If one of the earth-trembles came while we were still here in the rock, that would be that. It wouldn’t matter any more about finding streams that might lead out. It wouldn’t matter if Dolyn called me witch or worm or what-all. The mountain would just fall on us and we would be shut in together. Forever.
Time without end.
I broke out in chills.
He was sulking now. Refusing to help, finding fault, thinking himself better than other folk. He was right quick to salt the wound of any feeling he saw on me. I didn’t see why I should feel sorry for him.
I hated that Dolyn Craig.
If he wasn’t telling what he’d do to people, he’d gone ahead and done it and was big-mouthing about it. And he was a right soft-talker too. Not in a peaceable way, but like he was saying things nobody should ever say or hear. And he’s got that face that doesn’t show anything of his heart. I told myself he needed me too much to clout me. Then I told myself he’d do it anyway, being so contrary.

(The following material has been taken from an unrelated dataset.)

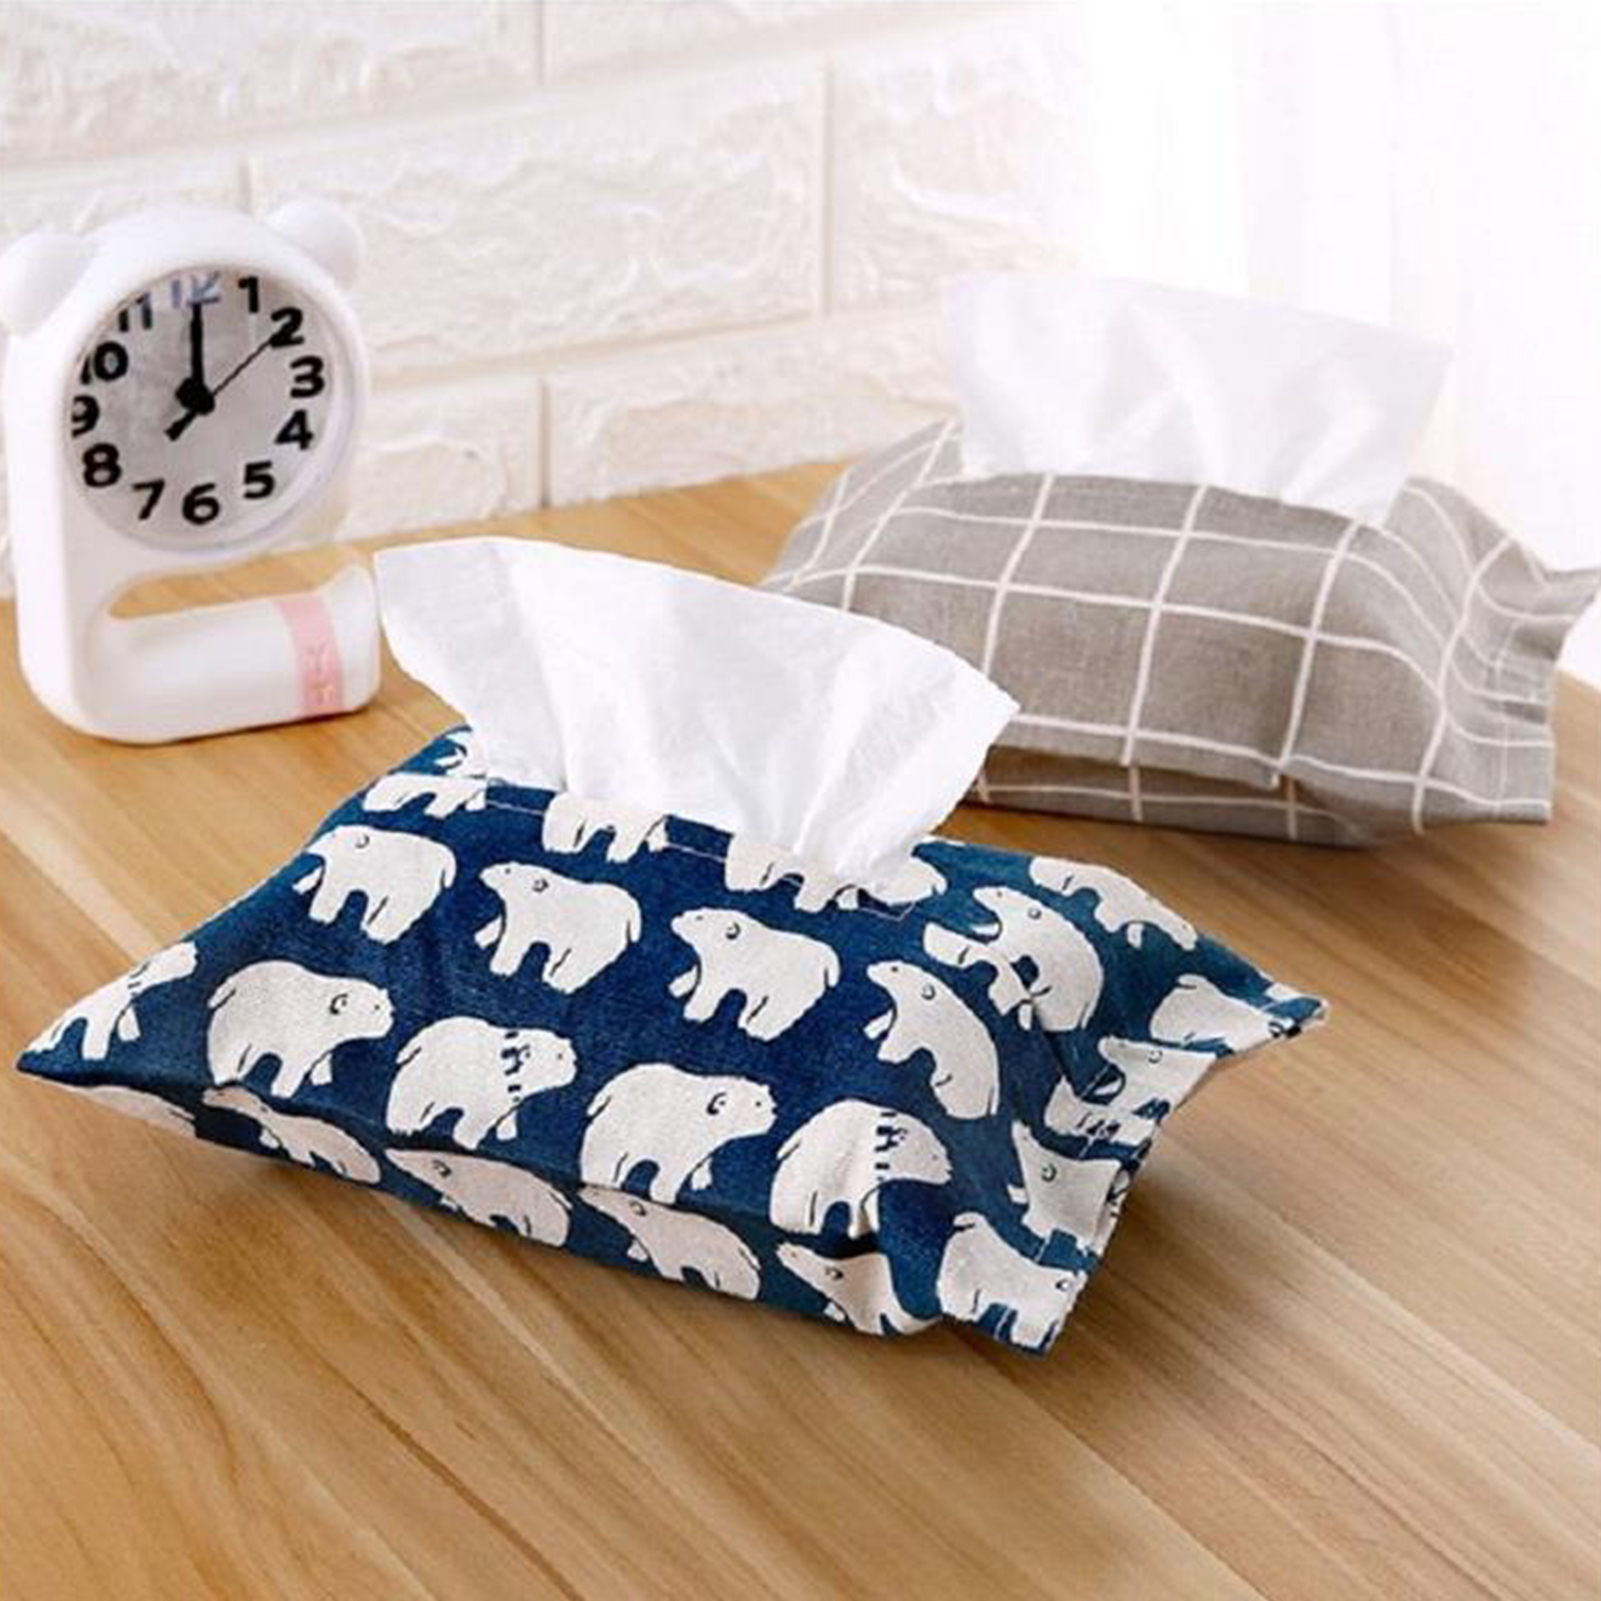 Tissue Box Bathroom Storage Organizer Bin for Toilet Paper Hand Towels Paper Napkin Holder Home Office Car Paper Towel Dispenser

But a person doesn’t go about clouting folk without having some rea
son. You can’t do that sort of thing without having some feeling inside, some feeling to drive the fist. But Da says some lads just do that – they clout and thump without needing a reason or a feeling. But I didn’t know about that. Dolyn Craig didn’t seem to just do anything. His eyes were brimful with reasons.
I just couldn’t see them.
But as much as I hated Dolyn Craig, I hated the mountain more. I hated its closed rock. And I hated the sea for washing me out of my sea-cave into this hard place. I sat on the ledge with Dolyn watching me too close, and I swallowed my Frights over and over. And I didn’t know whether Breesh Dunnal would ever come back.
I told myself if I really couldn’t get along without her, she’d come. Like it was when she first came. I was able to call her – that is, when I called, she came – but I could never order her. She wasn’t that sort of person.
She wasn’t that sort of thing.
But she was no scaan. No witch or shapeshifter either. But it was true she wasn’t like regular people.
For a start she always looked just as she did when she first came – years and years ago when I was a little child. Thick black hair, grey eyes turning silver with storms or temper, tall and broad with the muscles big in her calves and hard sinews all over. Whenever there was trouble between us, she’d stick her chin out and look at me with her steady eyes and she always turned out to be right. I didn’t mind. She was always right and she was always brave. She was always safe. And in the early days she could have lifted me and put me under her arm.
Dolyn couldn’t lift a hen.
He was too scrawny. And he was slip-eyed. And as far as I could see he was always wrong, and never quite safe.
“What do you know about my mother?” he asked of a sudden, in tight tones.
It plainly strained him to talk decent to me. He had to close his eyes and pay attention to his words. I could see it was hard for him to hold the curses back. He had to keep taking deep breaths. Like Mam told me to when I was frighted.
“Nothing,” I said. “I don’t know anything.”